SiMPull is a single-molecule version of immunoprecipitation. By using surface immobilized antibodies, one can pull-down indivisual proteins or individual protein complexes to study the stoichiometry or interaction between proteins inside the cell. SiMPull has the potential to be used as a new method for cell/tissue/liquid diagnosis.

smFISH, combined with novel amplification methods, enables observation of single mRNAs and regulatory RNAs (such as long non-coding RNAs and micro RNAs). Therefore, one can study individual behaviors of RNAs and their heterogeneity by using smFISH.

Our lab aims to take advantage of single-molecule biophysical techniques including smFRET, SiMPull, smFISH to study diverse complex living systems such as regulatory RNA - target RNA interaction, LLPS, and protein ubiquitination and degradation. Also, we aim to develop state-of-the-art single-molecule methods.

Imaging translation dynamics

Cells respond to environmental cues by controlling protein translation dynamically. Single-molecule fluorescence in situ hybridization (smFISH) is the method of choice to locate individual mRNAs in fixed cells. In the fixed sample, an array of fluorophore-tagged oligodeoxynucleotides is introduced to be specifically hybridized with an mRNA of interest. Simultaneous detection of multiple mRNAs has been demonstrated with barcoding mRNA with different colors (multiplexed smFISH). 

Although smFISH offers wealth of information within fixed-cell sample, imaging mRNAs in live cells can give information on the regulation of gene expression by imaging mRNAs and translations in real time. Individual mRNA molecules can be visualized in live cells by probe hybridization or by engineering mRNA itself. Molecular beacons are probes that target endogenous transcript and reduces background by turning on fluorescence after target hybridization. By engineering mRNAs to incorporate, for example, MS2 stem loops and using MS2 coat protein (MCP), single-molecule tracking of mRNAs is possible. 

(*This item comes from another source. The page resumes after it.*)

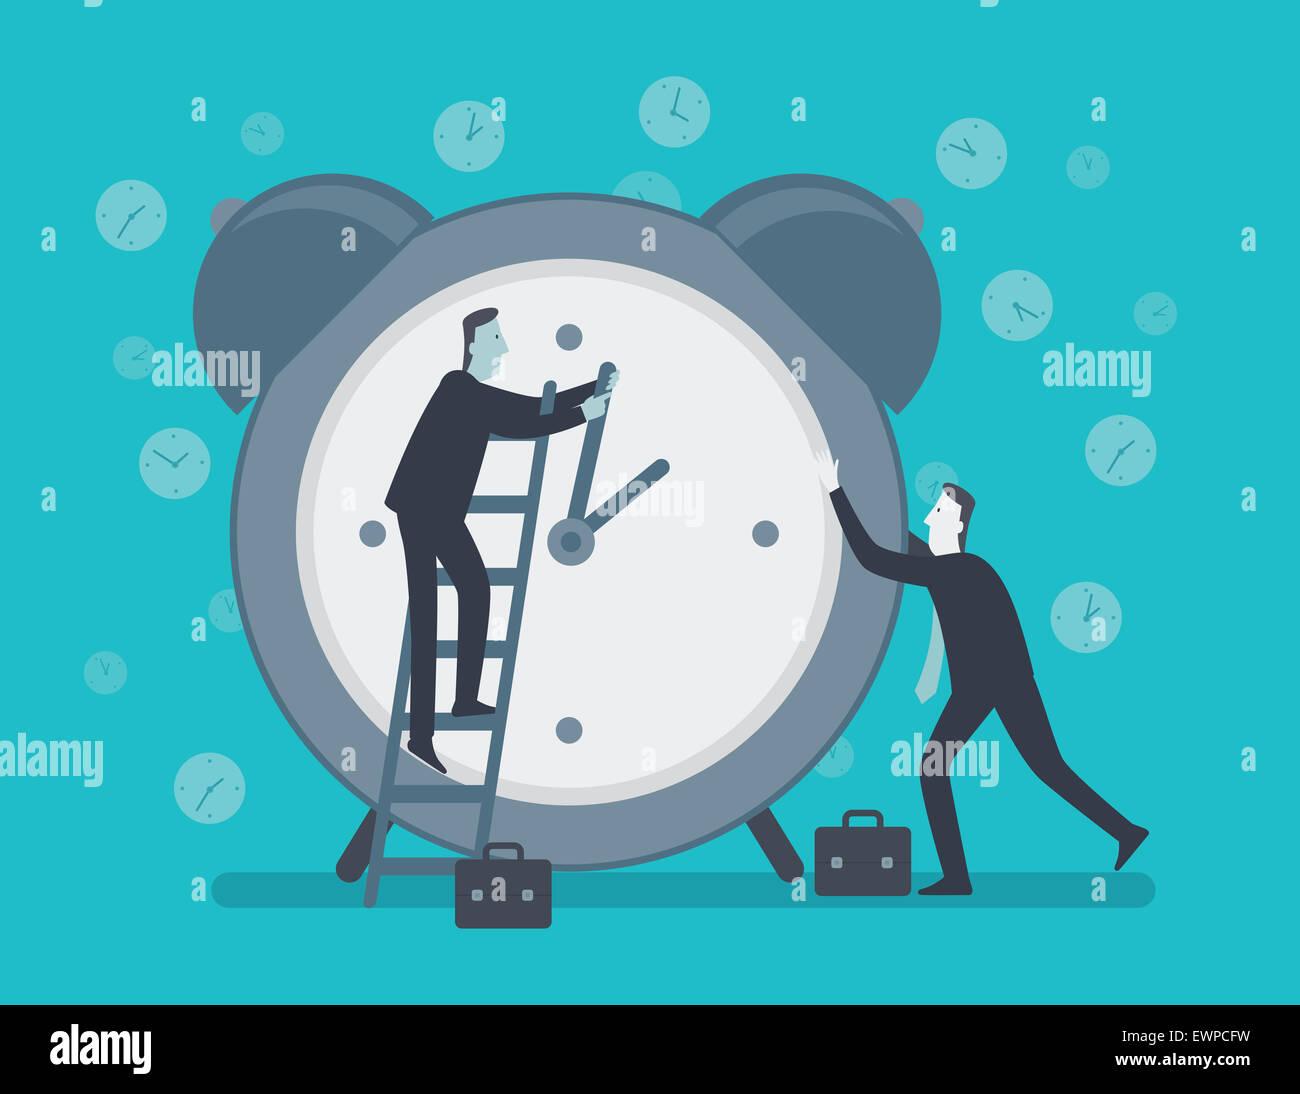 Immagine concettuale che rappresentano gli imprenditori cercano di fermare il tempo Immagini Stock

Also, it is possible to observe single mRNA translation events by visualizing nascent peptides produced by single mRNA tagged with MS2/PP7 systems. To visualize the translation site (TLS) the Suntag system, which allows single-molecule readout of translation by producing mature fluorescent proteins, are used. This SunTag can be multimerized to enhance the fluorescent signal. Also after the target encoding regin, the auxin-induced degron (AID) is fused to remove the peptide after being fully translated.

Our lab aims to study real-time translation events in live cells to understand how protein abundance is regulated upon different environmental changes. Also, we seek to study transcription initiation, transcription elongation and cotranscriptional processing with combination of the methods described above.